Алое и зеленое
Впереди завеса дождя скрывала от глаз и Хоут, и даже Сэндикоув. Только и видно было, что уходящую вправо и влево гряду исполинских светло-желтых камней, блестящих в рассеянном солнечном свете, да круглые спины волн, темно-серых, почти черных, неустанно бегущих к нему из стены дождя. Соль струйками катилась у него по лицу, а он, не в силах оторваться, все смотрел на это зримое проявление чего-то куда более древнего и первозданного, чем тот Бог, что сегодня лежит в безмолвном гробу, а завтра восстанет с ложа из нарциссов и лилий.
Он сам не мог понять, почему море так ошеломило его. В конце концов, бурное море он видел и раньше. А может быть, причиной тому камни. Он всегда ненавидел их и боялся; и сейчас, застигнув его в таком разреженном, в таком возвышенном состоянии духа, они, видно, взяли-таки свое. Он закрыл глаза, чтобы хоть минуту их не видеть и собраться с силами. Гул моря в ушах, грохот Хаоса и Древней ночи, стих до жуткого подобия тишины, и он испугался, как бы не впасть в опасное пьяное забытье. Он поспешно открыл глаза и стал высматривать подходящее отверстие, в которое спустить винтовку. Между камнями зияло сколько угодно большущих черных треугольников, куда с гулким отзвуком втягивались сокрушенные волны.

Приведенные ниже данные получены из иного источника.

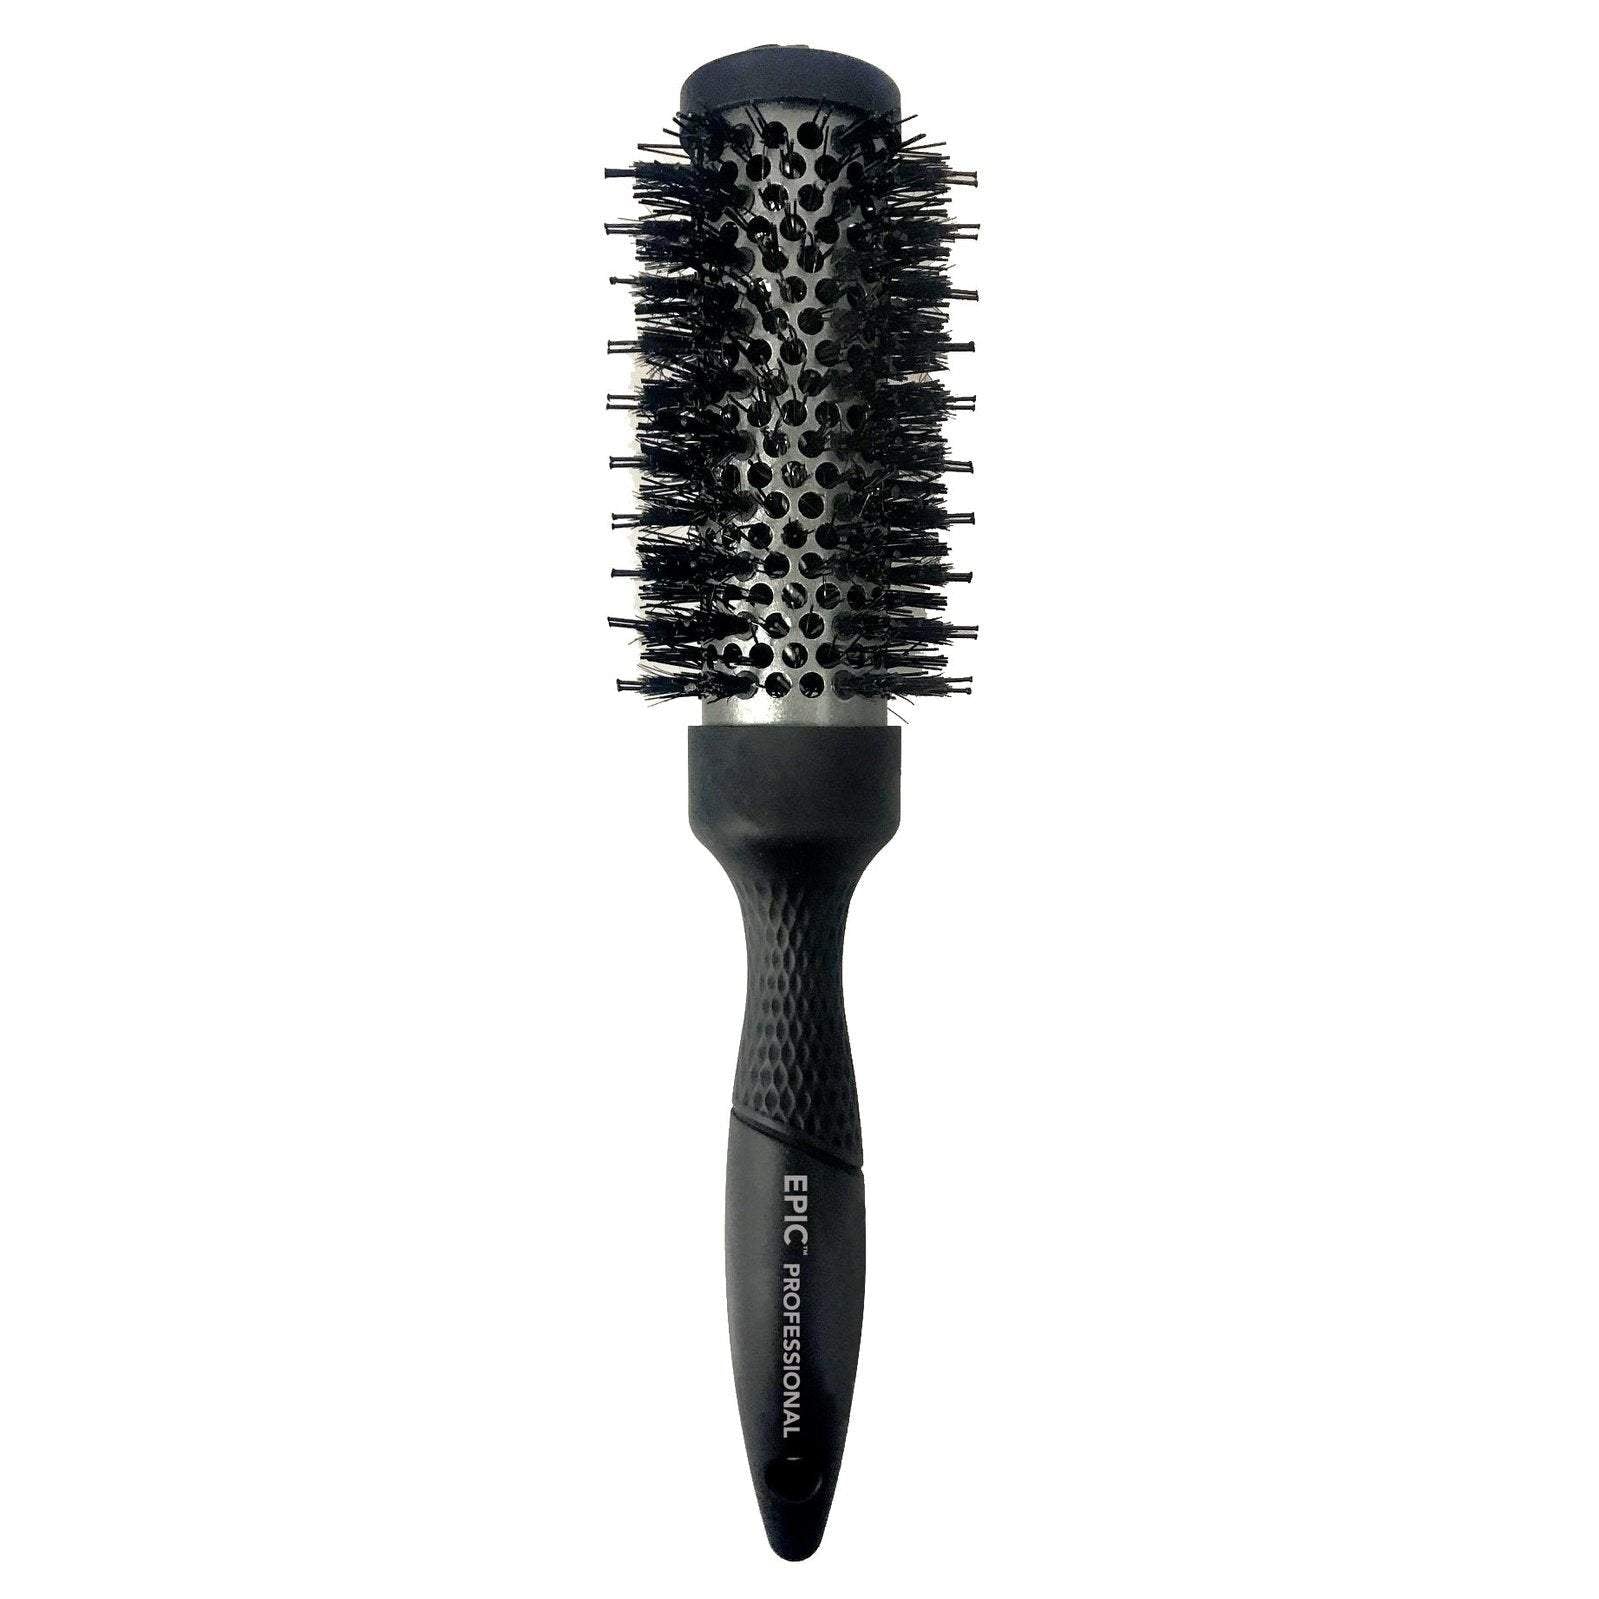 Wet Brush Epic Pro Blowout Brush-Wet Brush-Brand_Wet Brush,Collection_Hair,Collection_Tools and Brushes,Tool_Blowout Brushes,Tool_Brushes,Tool_Hair Tools,WET_Epic Collection,WET_Pro Round and Blowout Brushes

Стоит сунуть туда винтовку, разжать пальцы — и она скользнет в какой-то иной мир. Она не просто исчезнет, она перестанет существовать. Барни посидел неподвижно. Потом достал платок и начал медленно стирать с лица соленые брызги. Он понял, что не в силах это сделать.
Он все время знал, что расстаться с винтовкой будет тяжело, но не предвидел, что это будет своего рода ампутацией. Сейчас винтовка казалась частью его самого. Он не мог ее отсечь, не мог засунуть в одну из этих ужасных расщелин и там оставить. Мысль об этом была как прыжок в пучину безумия. Разлука с «Ли-Энфилд» и для него обернется гибелью. Он жалел свою винтовку, любил ее. Не мог он отдать часть самого себя этой злобной воющей силе. Он поспешно встал, вернулся на внутреннюю террасу мола и побежал обратно, прижимая к себе винтовку.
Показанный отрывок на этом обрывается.